Layanan Berita Ekspres
PATNA: Pemerintah Bihar pada hari Rabu memperkenalkan RUU Larangan dan Cukai (Amandemen) Bihar tahun 2022 di dewan legislatif negara bagian, yang memberikan relaksasi tertentu bagi pelanggar pertama kali. Kabinet negara bagian sebelumnya telah menyetujui usulan tersebut. Setelah pertemuan tersebut disetujui, maka akan dikirim ke Gubernur Phagu Chauhan untuk mendapat persetujuannya. Setelah itu otomatis menjadi Undang-Undang.
Menurut ketentuan dalam RUU yang telah diubah, pelanggar pertama tidak akan dikirim ke tahanan pengadilan. Sebaliknya, mereka bisa dibebaskan setelah membayar denda. Kasus mereka akan disidangkan oleh hakim eksekutif. Besaran dendanya akan ditentukan pemerintah kemudian.
Jika terdakwa tidak membayar denda yang dikenakan oleh hakim eksekutif terkait, maka ia harus menjalani hukuman satu bulan penjara. Selanjutnya, kendaraan yang disita karena tuduhan melanggar undang-undang larangan dapat dibebaskan dengan membayar denda. Namun hal ini hanya berlaku pada kasus yang bersifat ringan saja.
Namun, amandemen tersebut menyebutkan hukuman yang lebih berat bagi pelanggar kebiasaan dan mereka yang terlibat dalam perdagangan ilegal alkohol di negara bagian ‘kering’. Sub-pasal 50A ditambahkan dalam Pasal 2 Undang-Undang Larangan dan Cukai Bihar 2016, yang memperlakukan penjualan alkohol sebagai ‘kejahatan terorganisir’.
Ada tiga perubahan besar dalam UU yang ada.
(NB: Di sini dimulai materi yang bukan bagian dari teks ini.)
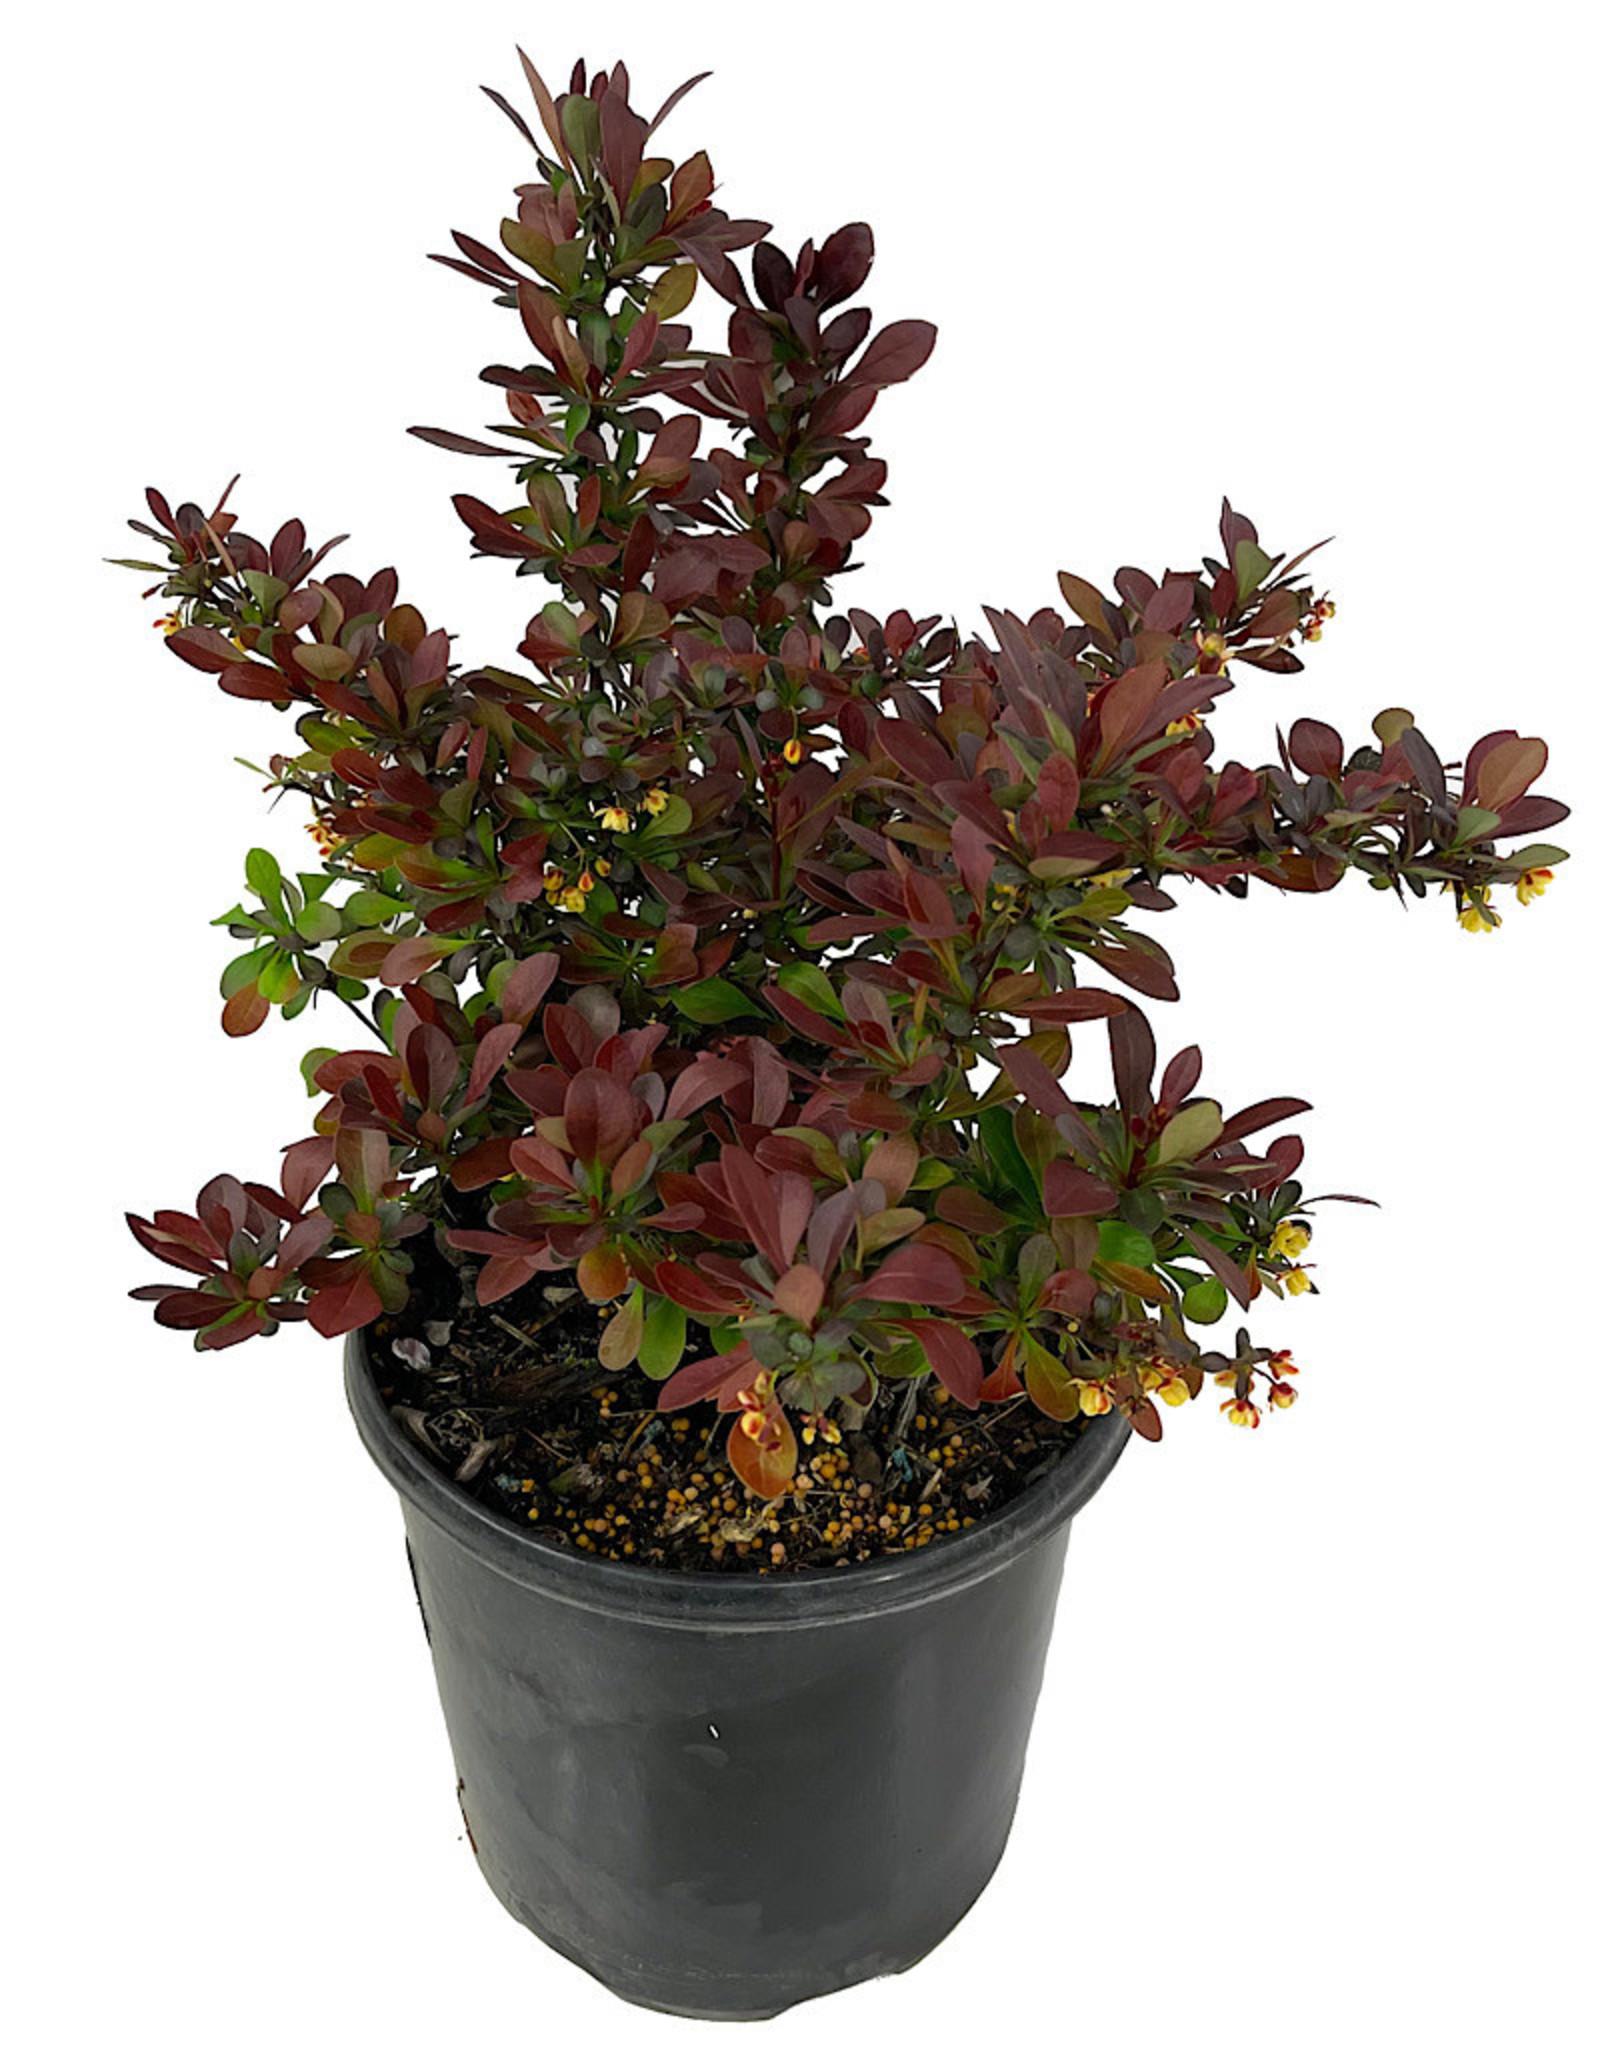 Berberis 'Crimson Pygmy' 1 Gallon

Pertama, orang yang ditemukan dalam keadaan mabuk tidak akan dikirim langsung ke tahanan pengadilan, namun dibebaskan dengan pembayaran denda yang dikenakan oleh hakim eksekutif yang ditunjuk oleh pemerintah.
Kedua, kasus pelarangan akan disidangkan oleh hakim eksekutif, wakil kolektor, dan pejabat di atas pangkat tersebut. Petugas penyidik perkara pelarangan tidak boleh berada di bawah pangkat Pembantu Sub Inspektur Kepolisian atau Departemen Cukai. Pasal 55 Undang-Undang tersebut dicabut dan menjadikan pelanggaran berdasarkan Undang-Undang Larangan sebagai ‘pelanggaran gabungan’.
Perubahan besar juga dilakukan pada pasal 57 UU yang ada. Sekarang alkohol atau bahan mentah yang digunakan untuk membuat minuman keras dapat dimusnahkan atas perintah hakim distrik. Tidak perlu terlalu lama menyimpan barang sitaan sebagai barang pameran.
Ayat 57A ditambahkan pada Pasal 57 UU yang ada. Berdasarkan ketentuan baru, kendaraan yang disita karena melanggar undang-undang larangan dapat dibebaskan setelah membayar denda. Jika pemiliknya tidak membayar denda, kendaraannya bisa disita. Beberapa perubahan juga telah dilakukan pada Pasal 62, Pasal 81 dan Pasal 83 Undang-Undang Larangan dan Cukai Bihar 2016.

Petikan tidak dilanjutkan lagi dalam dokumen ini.